Alicia corrió hasta perder de vista los coches y su contenido, extendiendo las manos para frenar sobre la pared de la iglesia. Resolló, arañándola con la punta de las uñas mientras se le iba la vista al suelo.
     ¿Qué pasó? ¿Por qué, por qué están así?
      Tomó aire, sintiendo el rocío frío quemarle los pulmones mientras la niebla la envolvía. Aunque cerrase los ojos, todavía veía a la familia, al otro lado del cristal empañado.
      ¿Es que no salieron? ¿Se quedaron en el coche hasta morir? Por…
     Se arrastró sobre el muro hasta conseguir apartarse de la puerta del templo. La calle Cárdenas quedaba delante; un portal en medio de la bruma, como una ventana rota.
       Le acudieron a la mente imágenes de cristales rotos, de ventanas rotas. De coches vacíos.
       ¿Es que tenían miedo? De algo, fuera…
        Corrió sobre el asfalto, reblandecido por la mezcla de polvo y humedad. Resbaló, cayendo hacia delante.
       Alicia gimió, a punto de llorar, y no por lo que había encontrado. Había aterrizado sobre una rodilla, y se había arañado las palmas de las dos manos. Estaba sucia. Y magullada.
       No importa. Tengo que decírselo a los otros, hay que largarse de aquí ya…
      Resollaba, intentando calmarse; con tanta fuerza que su nariz silbaba como un botijo. Empezó a palpar con la mano derecha adelante, buscando el bordillo…
       Rozó algo, levantando la mano. Fue interceptada por otra mano, ajena, que la sostuvo con delicadeza. Alicia cesó toda actividad, menos la de su atemorizado corazón.
      Miró arriba.
      —¿Carlos? —consiguió preguntar—. ¿Eugenio, sois…?
     No había visto todavía a la forma salida de la bruma, cuando se dio cuenta de que había dejado de respirar. Y aquel silbido seguía.
     Perdió la fuerza en brazos y piernas, deseando ya no sólo seguir en el suelo, sino volver a la iglesia o a los coches.
       Había tenido ocasión de tocar la mano, áspera callosa, desconocida; con los dedos formando espirales coriáceas hacia la punta de las uñas.
        Iba a mirar arriba cuando sintió el dolor, profundo y caliente, sobre el ombligo, impidiéndole levantar del todo el cuello y verle.
       Alicia, mientras el dolor se agudizaba, sintió una mezcla húmeda, caliente y apestosa escurrirse  entre sus piernas, hinchándole las bragas. Habría sentido vergüenza si hubiese sido por el miedo, pero no.
        Era, sencillamente, la forma que tenía su cuerpo de anunciar un cese de actividad total.

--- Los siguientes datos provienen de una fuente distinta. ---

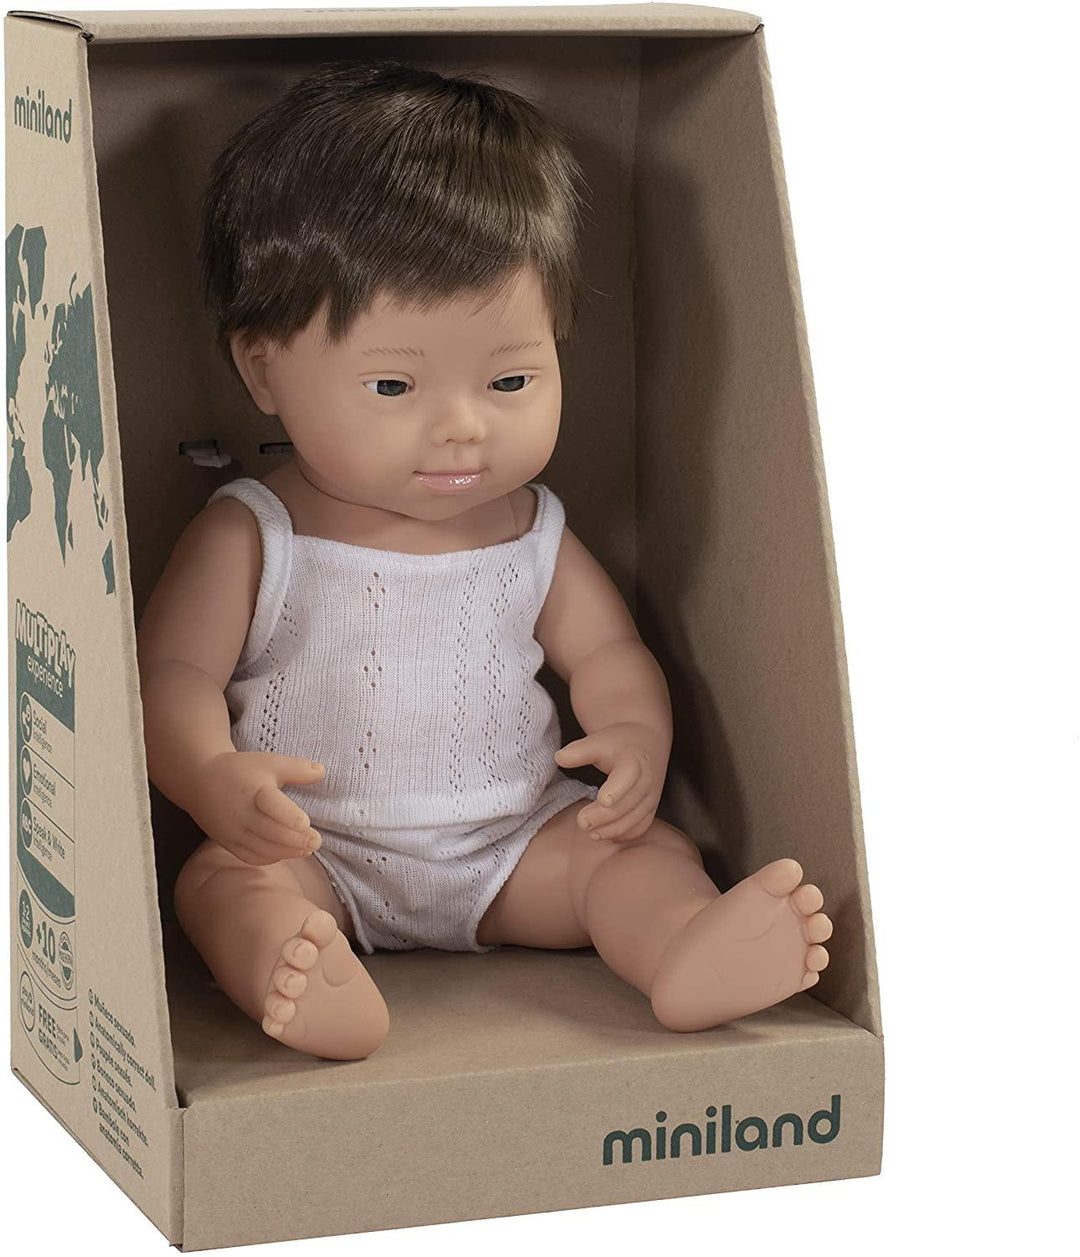 Miniland Doll - Caucasian Boy - Down Syndrome - 38cm
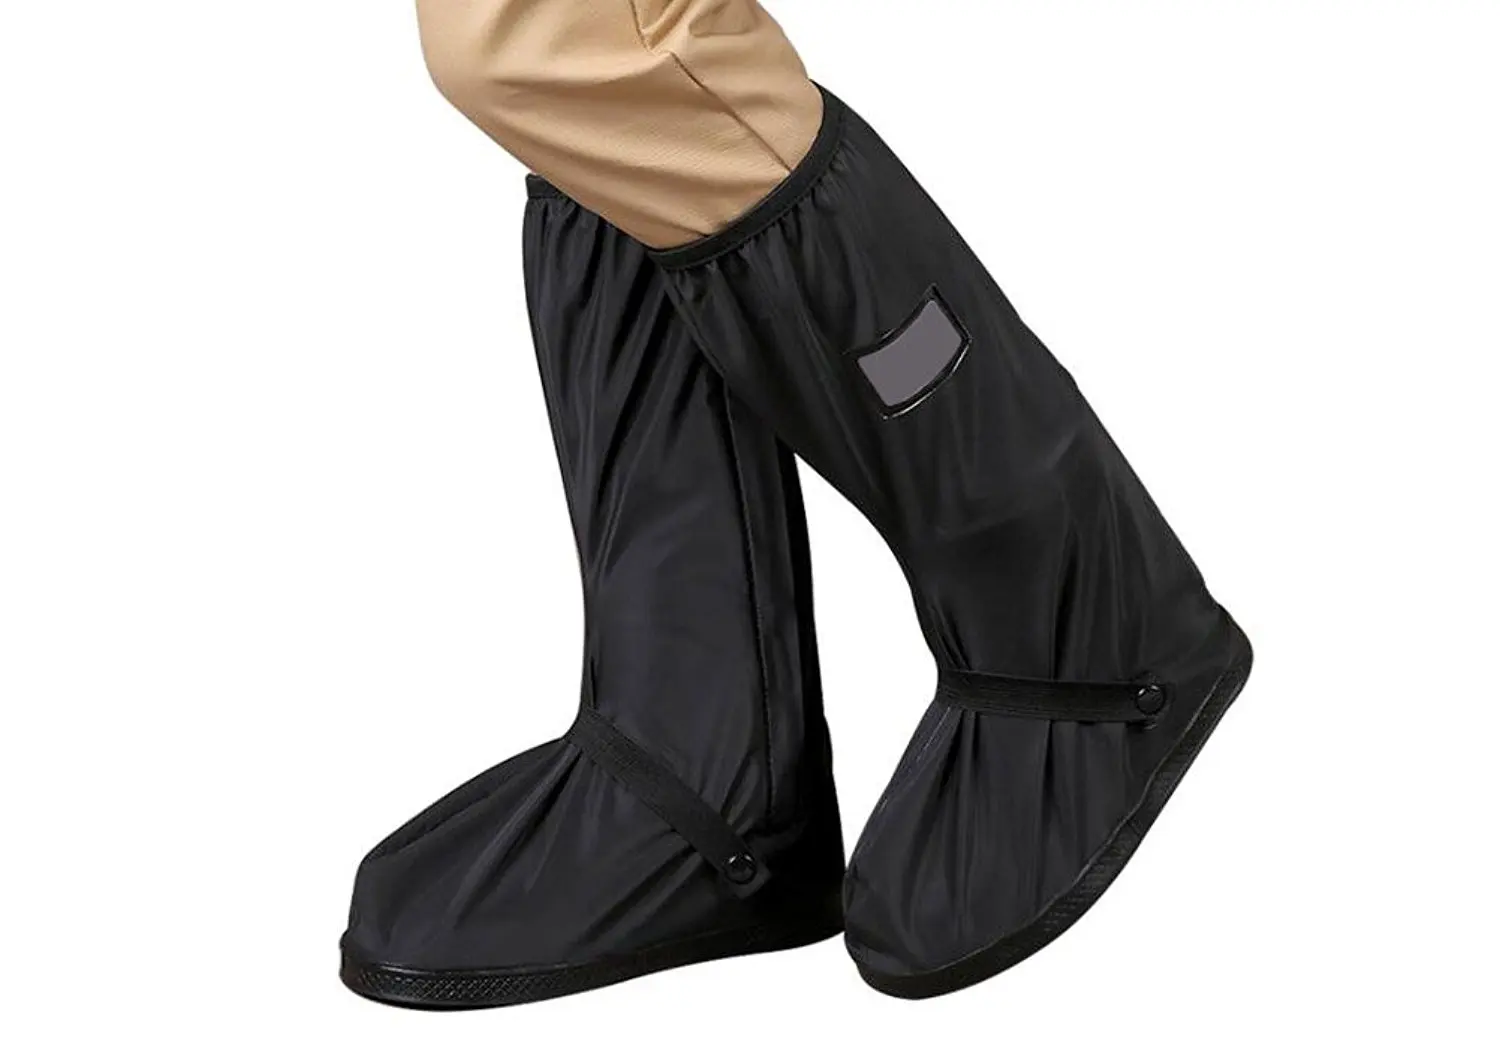 Yuntown Men Reusable Shoe Cover Non Slip Waterproof Guard Rain Gear

     Lunes 15 de Junio, 1998.
     Las cosas parece que van mejor en la mina, y me alegro. Ya me siento bastante mal por lo de Carlos; parece que he pensado demasiado mal de él.
     Al principio pensé que no volvía por vergüenza, pero ha pasado más de una semana y su familia está preocupada. No les ha llamado, ni mandado ninguna carta. Lo he comprobado, y nadie ha echado en falta ningún coche desde que desapareció.
     Me ha tocado irme a Armiello a preguntar. Resulta que sí, que conocía a dos o tres mozas, pero ninguna lo ha visto desde el mes pasado.
      Ha desaparecido. Supongo que puede tener algo que ver con lo de la galería 7.
      Había una anotación, como una frase suelta al pie. Al pegar la nariz a la hoja, Eugenio comprobó que era otra entrada.
     Martes 16 de Junio.
     Qué raro, últimamente el cielo está más nublado y ha empezado a formarse niebla en el pueblo. El pueblo es muy fresco hasta en verano, pero nunca, en mi vida, he visto bancos de niebla tan espesos; y menos niebla en esta época.     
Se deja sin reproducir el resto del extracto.